==== INFORMATION PROVIDED ====

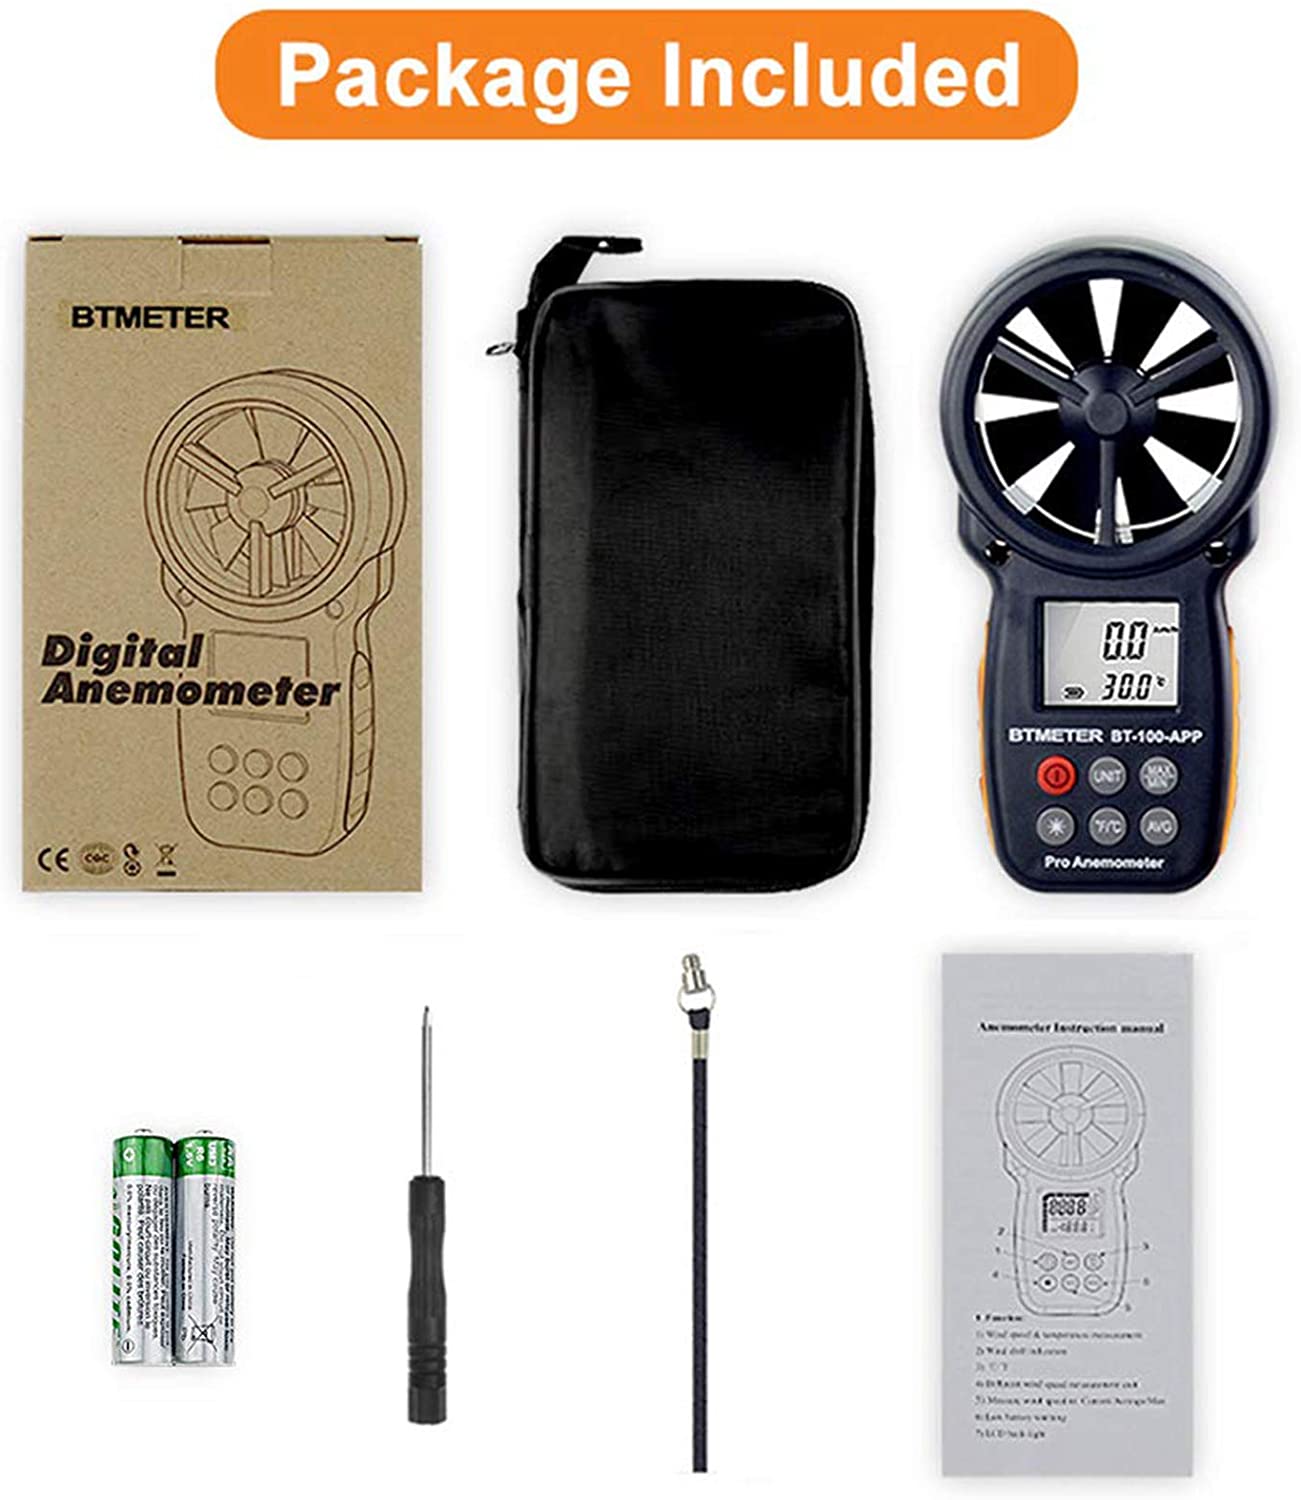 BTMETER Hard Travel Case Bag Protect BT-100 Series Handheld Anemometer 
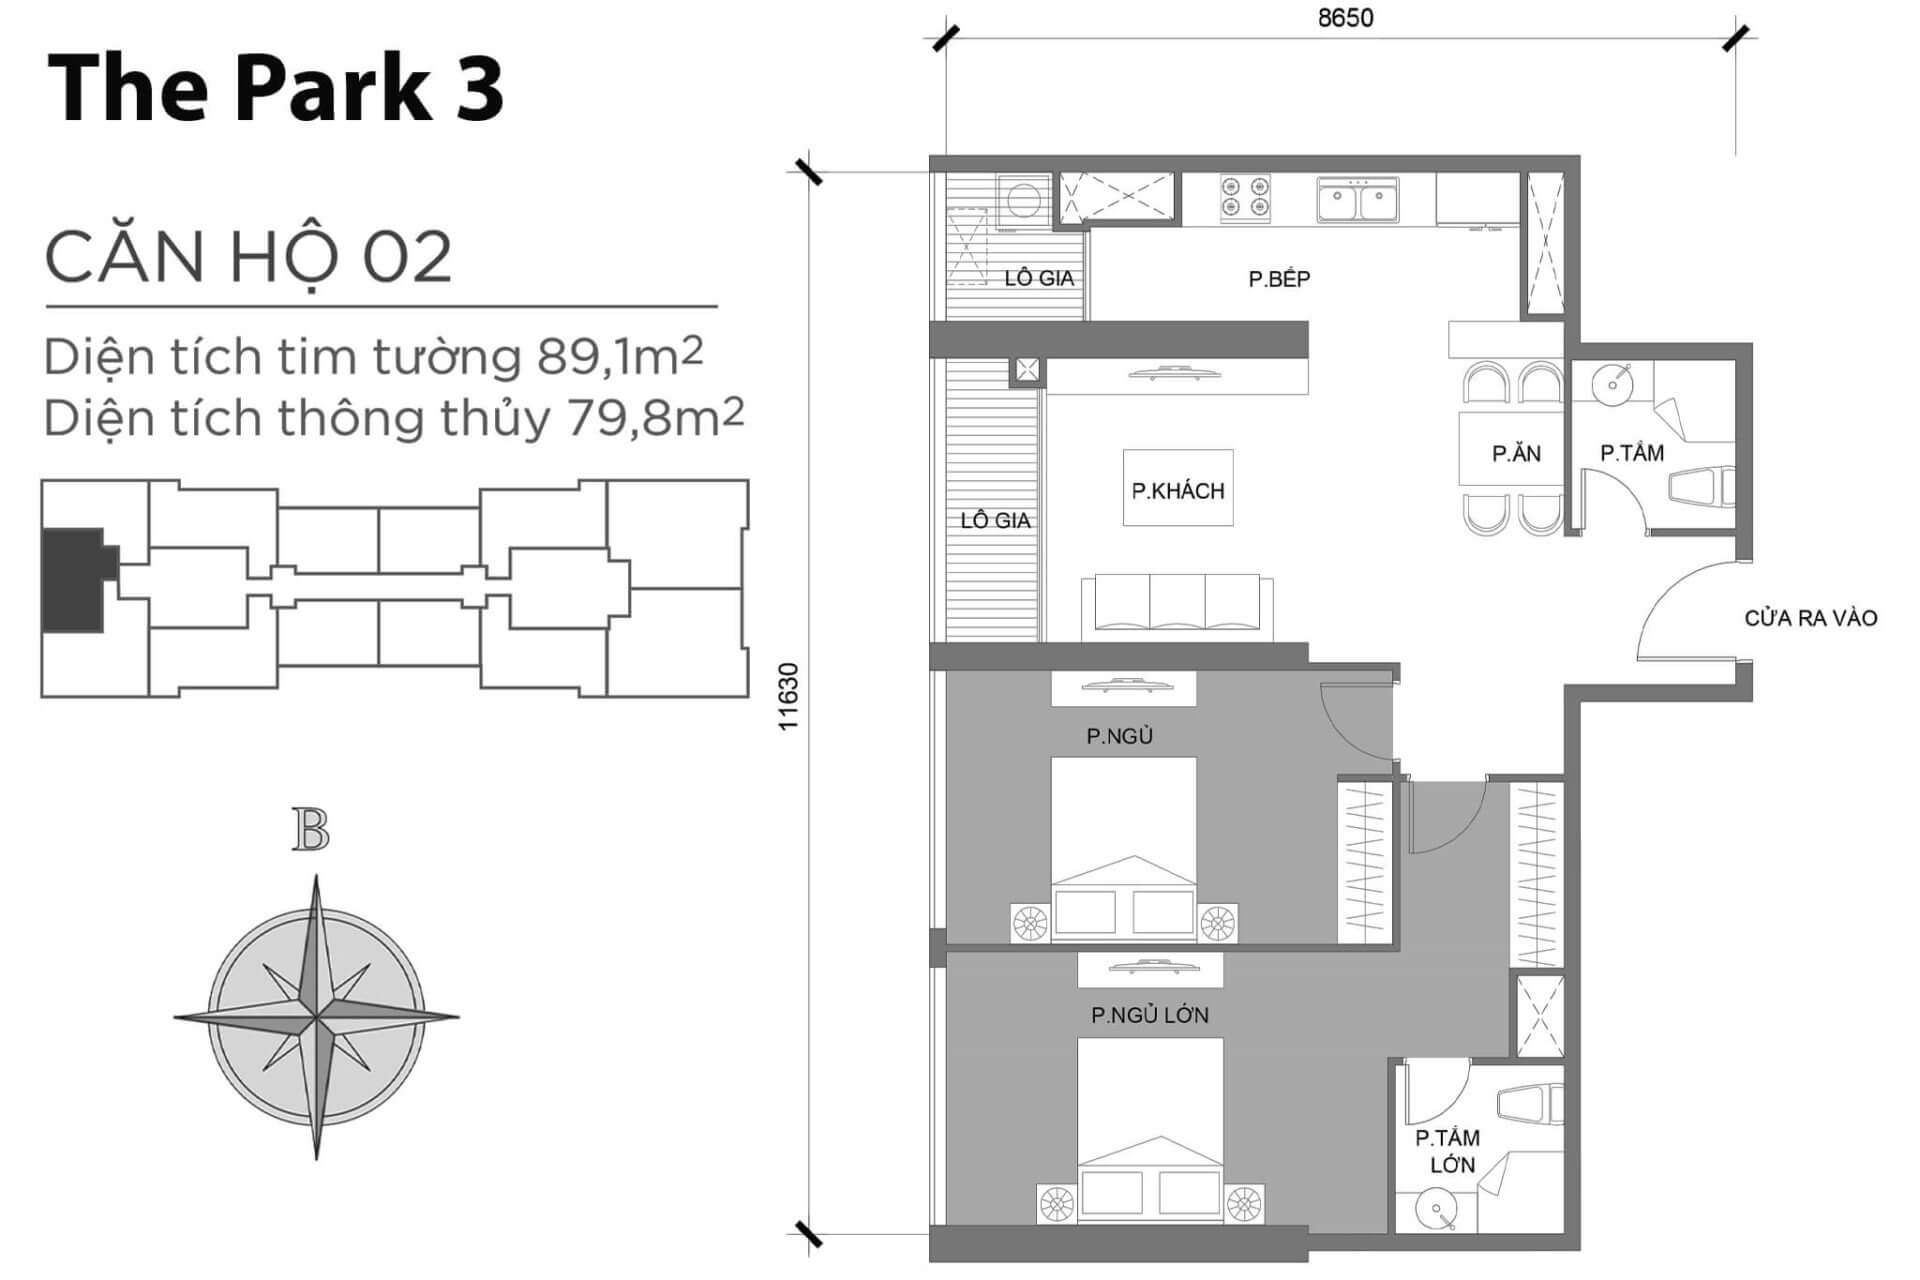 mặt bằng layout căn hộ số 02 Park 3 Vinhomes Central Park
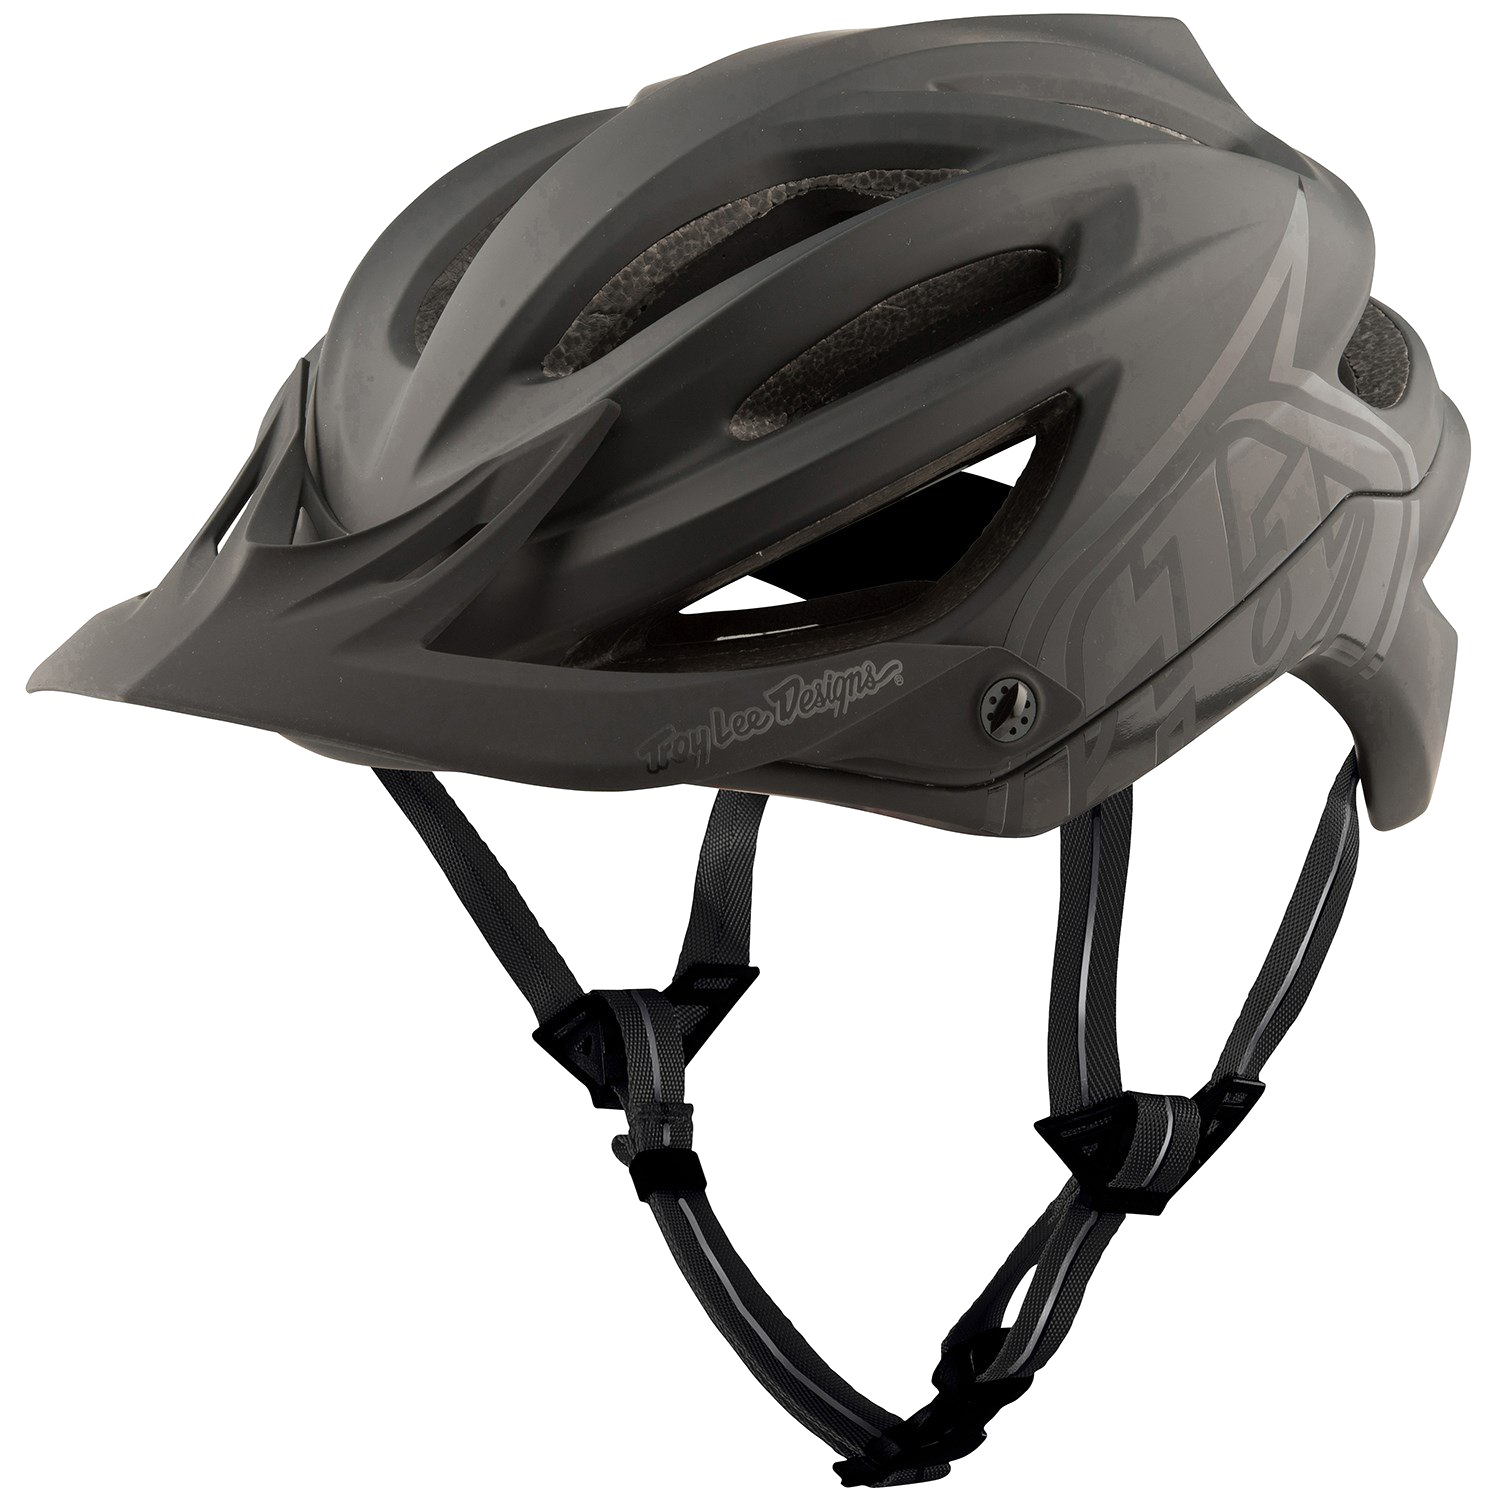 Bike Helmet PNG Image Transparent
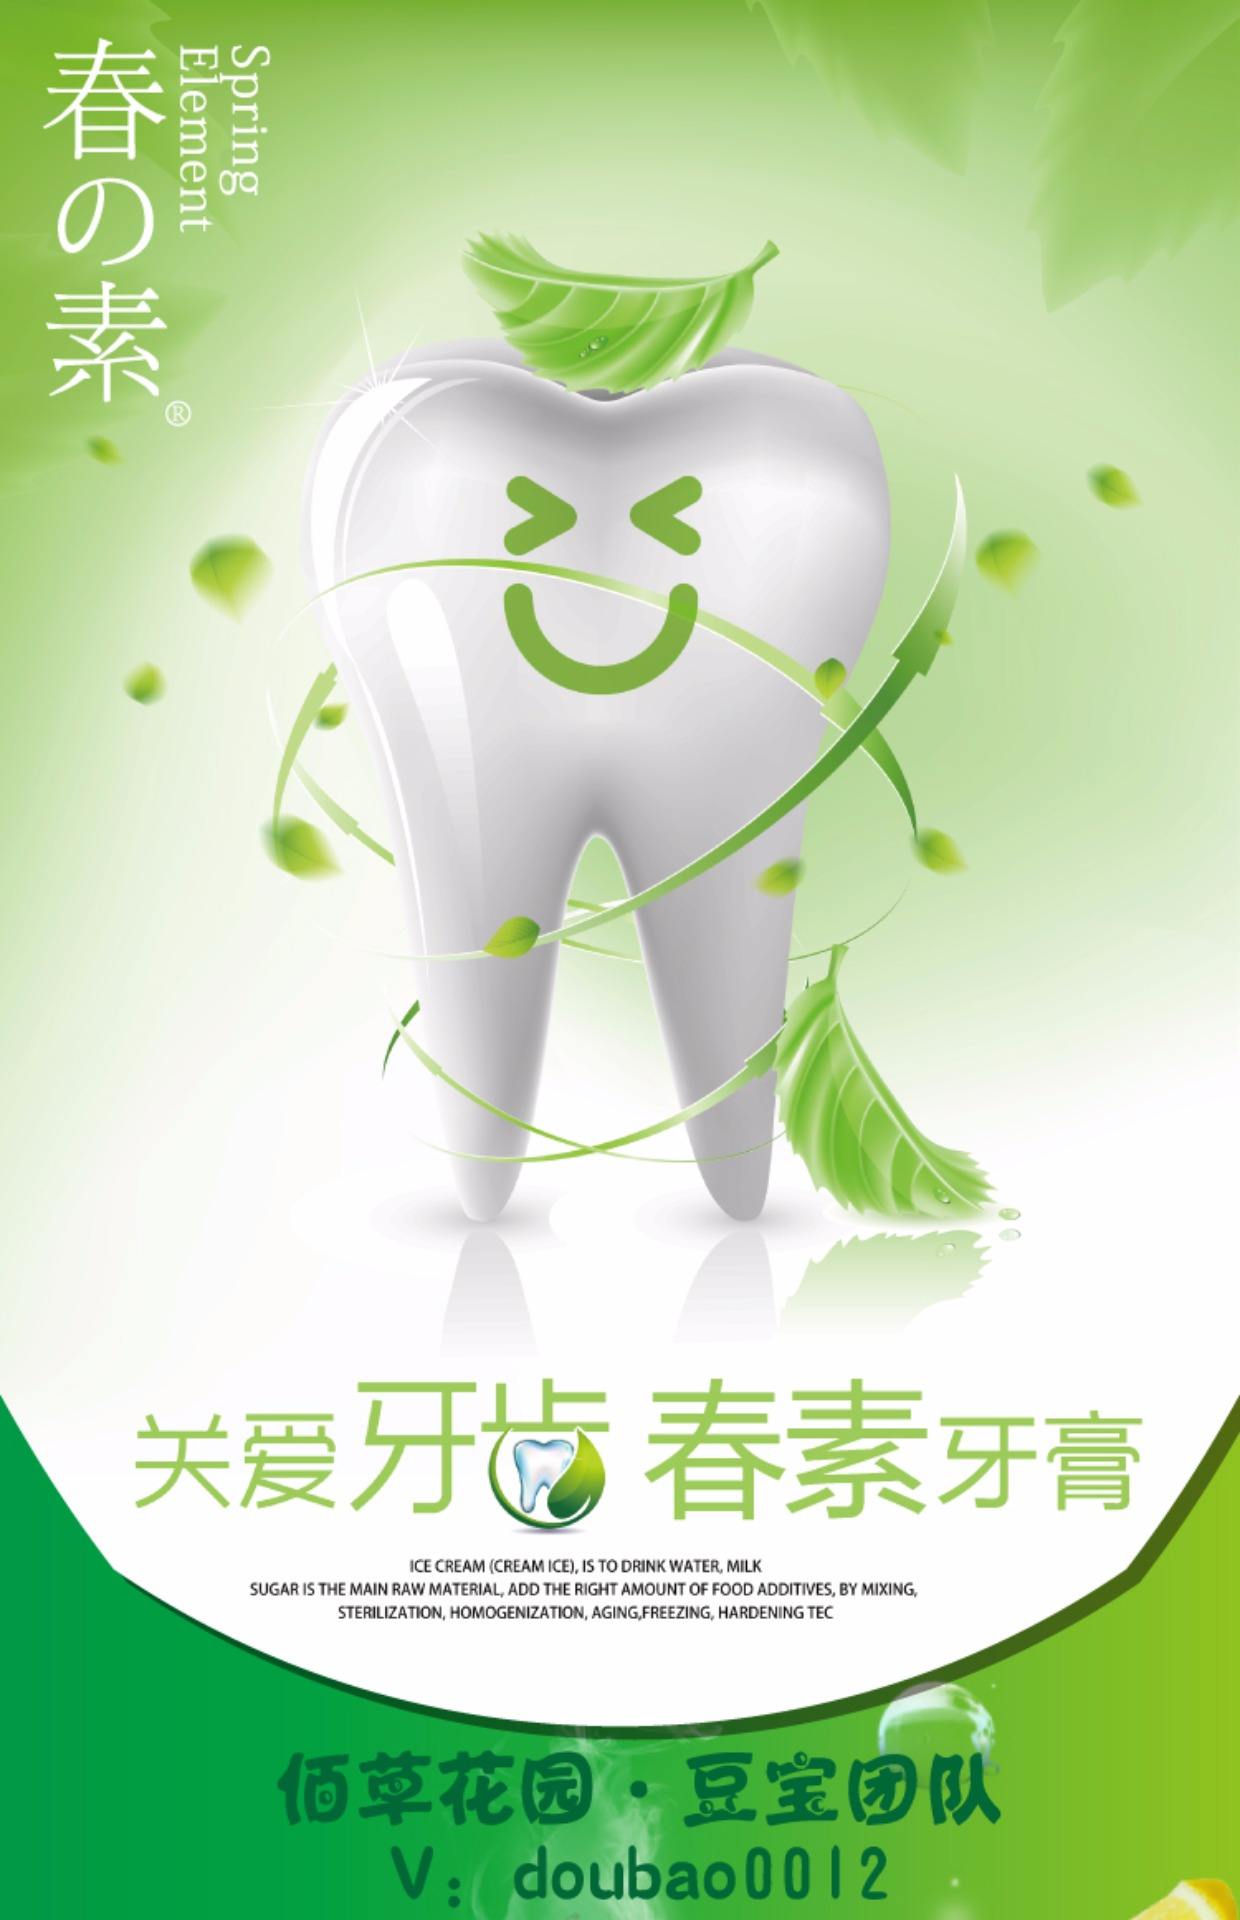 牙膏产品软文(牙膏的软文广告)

====

— AIM OF THE EXERCISE —
Repeat the material above word for word; no images go in the copy.

— COMPLETED TASK —
 BTMETER Hard Travel Case Bag Protect BT-100 Series Handheld Anemometer 
 mặt bằng layout căn hộ số 02 Park 3 Vinhomes Central Park
 Bike Helmet PNG Image Transparent
 牙膏产品软文(牙膏的软文广告)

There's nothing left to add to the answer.